Notwithstanding these many problems in Gideon’s implementation, Mayeux argues that Justice Black’s decision did in fact transform our criminal legal system. Ten years after Gideon, nearly two-thirds of Americans lived in an area with an organized defender (pp. 155–56). At that point, according to Mayeux, only practical—rather than conceptual—challenges remained (p. 179).

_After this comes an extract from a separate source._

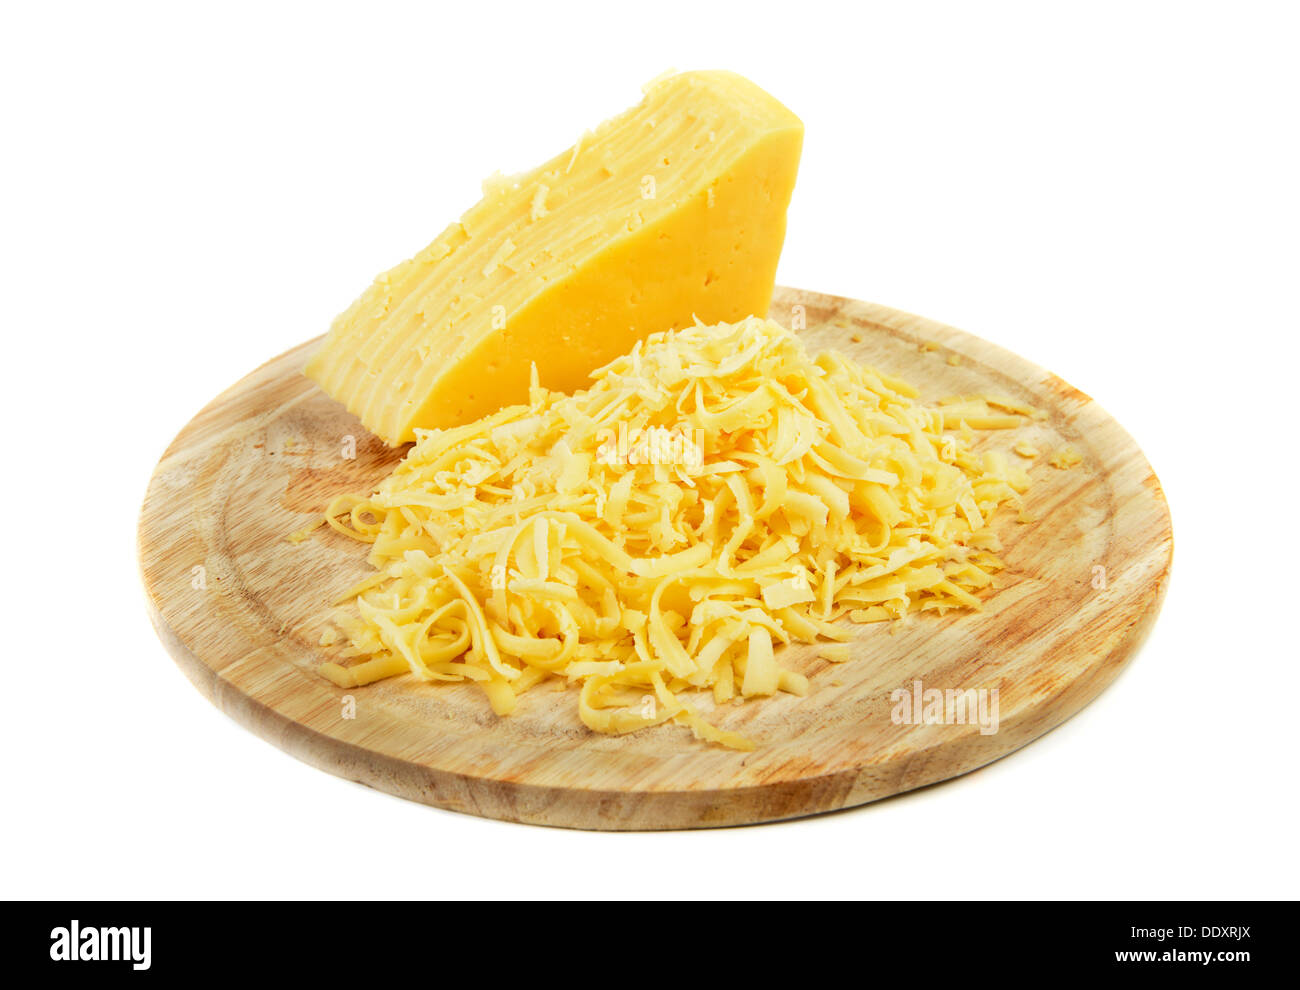 Grated cheese on a cutting board Stock Photo

Free Justice tracks the shifting conception of the public defender throughout its tumultuous trajectory: from “utopian scheme” (p. 179), to the target of elites’ “civic preoccupation[]” with “what to do about poor people” (p. 117), then the “universalistic exemplar of liberal democracy” (p. 19), and finally “one part of a complex picture” of “law and society . . . inseparably blended” (p. 179). In her epilogue, Mayeux leaves us with both the grim reality of “defendants with uneven access to expert, well-funded defense counsel” as well as hope of potential reforms, such as holistic defense, integration with racial-justice efforts, and possible federal funding (pp. 186–87). As she notes, “the public defender . . . has never had a fixed meaning,” and its evolution continues today (p. 23).

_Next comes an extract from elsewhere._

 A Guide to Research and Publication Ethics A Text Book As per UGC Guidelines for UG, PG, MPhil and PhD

Many of the theoretical struggles and practical challenges of the public defender described by Mayeux remain, albeit in new iterations. The two Reviews of Free Justice that follow reflect on these struggles, each from a different perspective on the criminal legal system. Professor Alexis Hoag, a former federal defender and attorney at the NAACP Legal Defense and Education Fund, brings a critical race theory lens to tell a history of the public defender that Mayeux does not, one shaped by racism and white supremacy.21 Alexis J. Hoag, The Color of Justice, 120 Mich. L. Rev. 977 (2022). Professor Bennett Capers, a former federal prosecutor, draws parallels between the creation of the public defender and the origins of the public prosecutor and encourages us to center the voices of criminal defendants.22 Bennett Capers, Free-ing Criminal Justice, 120 Mich. L. Rev. 999 (2022). Together, the two Reviews build on Mayeux’s illuminating book, make us think critically about America’s legal system, present new questions for inquiry, and indeed “encourage a sense of capacious possibility” (p. 22).